Like everything, even my writing had changed given my experiences. My descriptions, my storylines were beyond my wildest dreams literally, all pretty much a diary of the past six months, though the world would never know or believe that. So, fiction my writing would be deemed. I was fine with that. At this point, luck holding, I thought the tale had a great chance of getting published; unless that is, as I liked to joke with Lex and Catherine and Edward and the rest of my Royal family, that even the fiction world deemed it too fantastic to buy into.

 

Lex stopped suddenly at the end of the tree line in the field where we’d been married just last month, knocking me out of my reminiscing, sometimes taken by moments of fancy still as I evaluated my new life. This field remained a favorite place to stop and relax on our runs. We circled around each other a minute before stretching out our paws and laying side by side, with our heads resting against each other. We made a perfect picture. I knew that to be a fact as one of the Royals, a younger girl who had the magic of my bloodline but had chosen not to be a shifter, loved to play with a camera. She’d asked to photograph us as wolves one day after we’d been married. Several of those shots were now framed and hanging in our room at the castle.

 

With our connection, I knew we were both remembering our wedding. Today was our month anniversary, which had sparked this whole run this morning, a celebration of life together, and thus my walk down memory lane as I marveled at the changes, feeling the need to practice gratitude in some major way for all I’d been blessed with.

 

The Royals had thrown a grand, albeit small event. The day had been wonderfully sunny with only a few fluffy clouds overhead. While we’d had a backup plan to have the ceremony in the castle if rain threatened that day, we’d not needed it.

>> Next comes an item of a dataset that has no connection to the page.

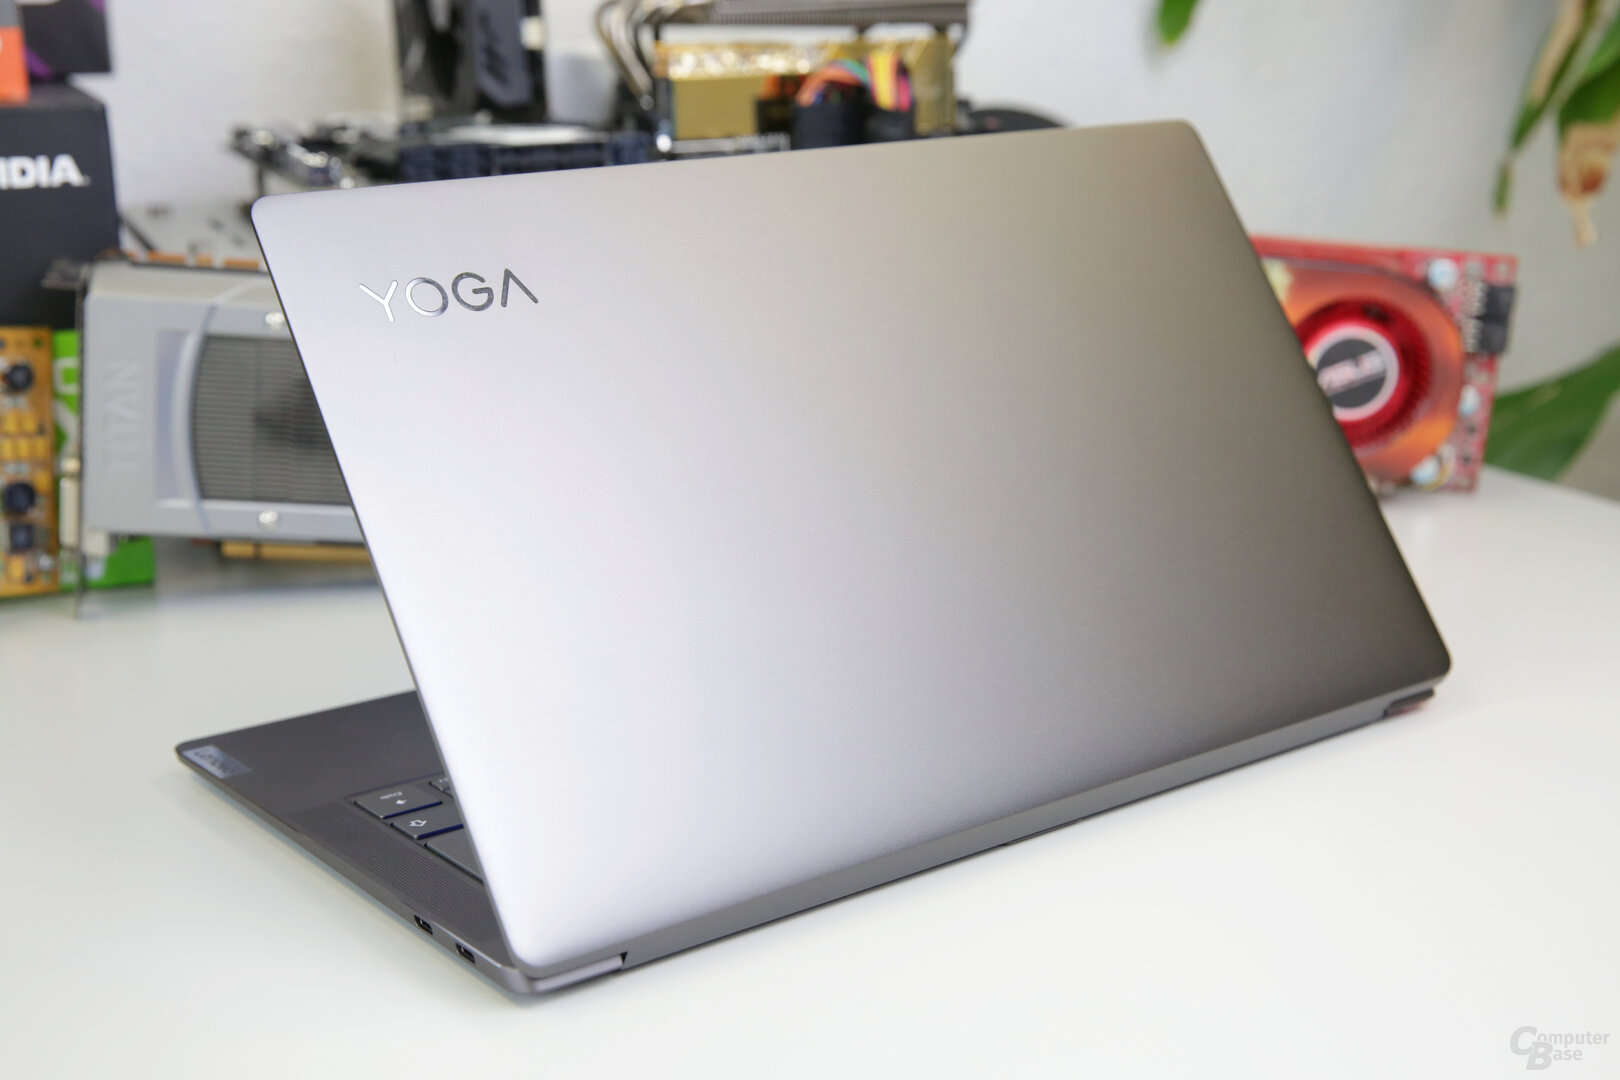 Das Yoga S940 kommt in sandgestrahltem Aluminium

Even the weather had played its part in giving us one of the greatest days of my life, and my day to day living was pretty hard to beat.

 

No expense had been spared from the arch we got married under to the reception food and everything in-between. When one wore lavish dresses and ate five course meals on a daily basis, topping that in way of celebration could be mind-boggling.

 

I pictured it all in my mind again. The small ocean breezes of the day had fluttered the white material draped over the arch which had been tied back with bundles of flowers that included white peace lilies along with sprays of blues and yellow flowers mixed with ferns. Tiki torches had lined a path to the arch, each with our own drape of material and bouquet of flowers to match the long flowing one I had carried.

 

My dress had been designed for me, drawn and tailored from my own imaginings with the help of another Royal who lived to design clothes, having a line she exported off the island just for fun as money already was no object. Cinderella had nothing on me that day with layers upon layers of white accented with pearls. I’d of course been given a tiara to wear, Catherine herself having done up my hair in a halo of curls and painted on makeup that had been natural and beautiful, accenting my best feature while improving upon my worst.